As much as I like The Wire, I like B.B. better, both in terms of overall quality and because of its greater moral seriousness. It really is structured as a classical tragedy, with Walt continually making bad decisions based on pride, and which inevitably had consequences not just for himself but for others. Creator Vince Gilligan has said that he wanted to show how a Mr. Chips could become a Scarface, and I think he succeeded. And in the process he did an extremely good job of portraying how sin actually works in one's life -- by a series of little justifications that inevitably escalate into bigger things, resulting in the "seared conscience" that the Apostle talks about.

Tragedies do not often include redemption, but I do think that Skylar experiences a turnaround of sorts. At one point I thought that Gilligan was going to have her become a full blown Lady MacBeth, but I'm glad he didn't as I think that would have been a misstep.

Also I think it was brilliant to have Jesse, who started out as a largely amoral character, to come around slowly to be the show's moral centerpoint. I remember reading somewhere that originally he was going to be killed at the end of the first season, but that he took on a life of his own and they decided to keep him on, which was another good move, as he was one of the show's strongest characters.

I don't disagree with any of what you say, but I feel a lot more admiration than liking for BB.

I read that, too, about the plan for killing Jesse at the end of the first season, and it was a really good move that they didn't. Of all the characters who were present for more or less the entire story, he was the most sympathetic. His sins were mainly of weakness. You really saw his essentially good nature in an affecting way in that horrendous episode at the meth heads' house, where he can't help but try to do something for that little boy.

I really was half-expecting Skyler to go over completely to the dark side. You're probably right that it would have been a misstep.

And yes, it's a true tragedy, by all the standard specs. If memory serves, season 2 of The Wire was,too--the story of the longshoreman union guy.

I don't think I could handle watching it but I'll probably read this discussion all the same.
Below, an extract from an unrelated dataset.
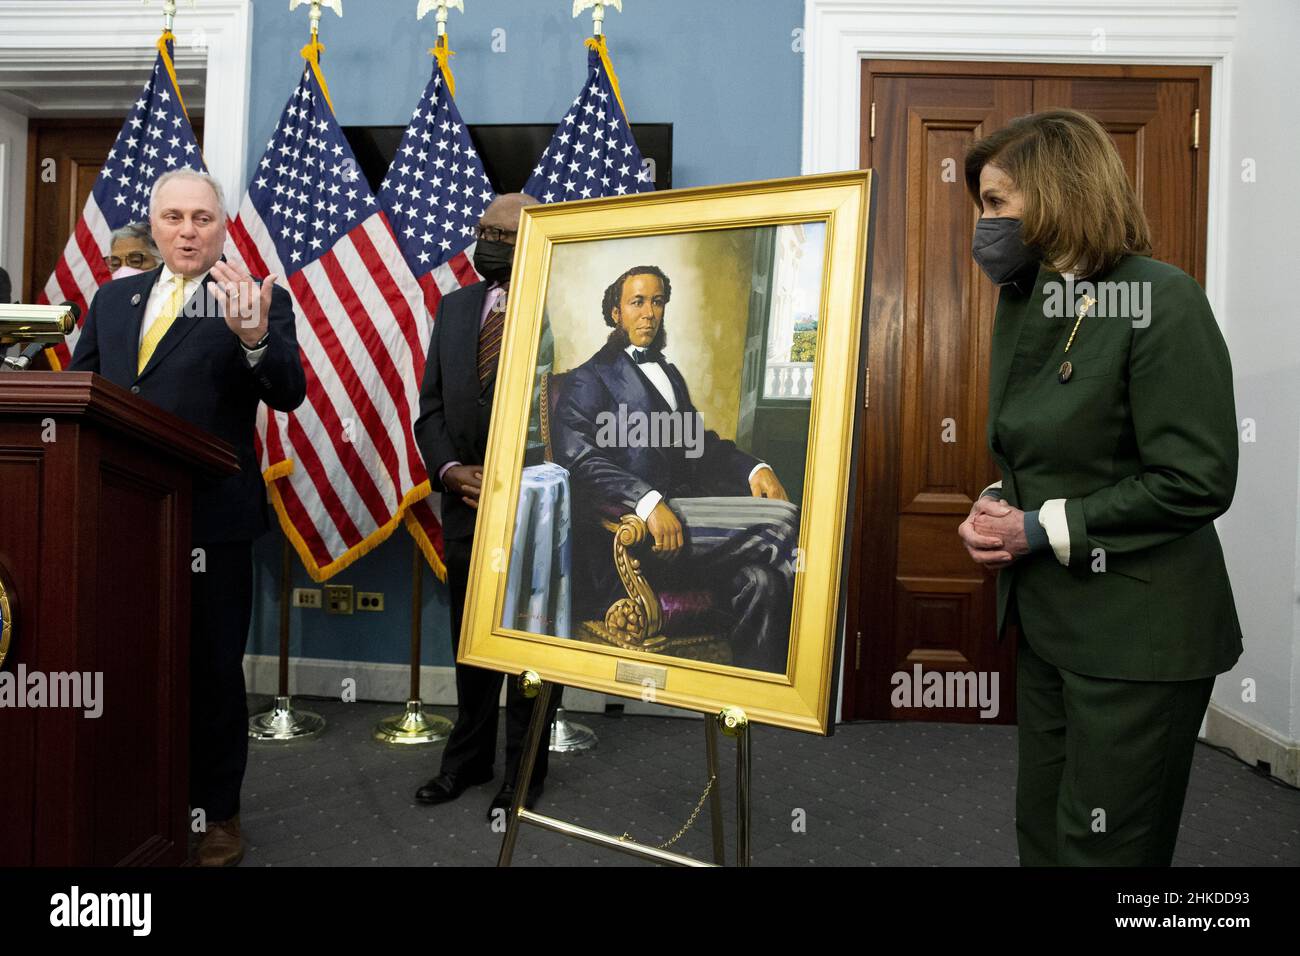 Washington, United States. 03rd Feb, 2022. United States Speaker of the House Nancy Pelosi (R) looks on as Republican Representative of Louisiana Steve Scalise (L) speaks beside a portrait of Joseph H. Rainey, during an unveiling ceremony for the Joseph H. Rainey Room, on Capitol Hill in Washington, DC, on Thursday, February 3, 2022. Rainey was the first black person to serve in the United States House of Representatives. Pool Photo by Michael Reynolds/UPI Credit: UPI/Alamy Live News Stock Photo

This way you can learn all about it without having to endure scenes like...

...the box cutter? That was a stunner of an episode.

Yes, the box cutter is one. And quite early on, the bathtub, and similar operations later. The ATM. Gus's last walk. The tortoise.

Speaking of the box cutter: I never did understand why Gus did that. To punish...can't think of his name right now...the guy, anyway...for not preventing Gail's death? To punish him for cooking without permission? Just to demonstrate his ruthlessness? If there was an explanation, I missed it.

Two birds with one stone: get rid of the guy for his mistake of being witnessed at the murder site, and at the same time to send a message to Walt and Jesse as to just how much of a bad dude he really was.

That episode alone should have got the Emmy for Giancarlo Esposito. As much as I loved Aaron Paul's performance throughout the series I really think Esposito should have gotten the award for that season for his portrayal of Gus.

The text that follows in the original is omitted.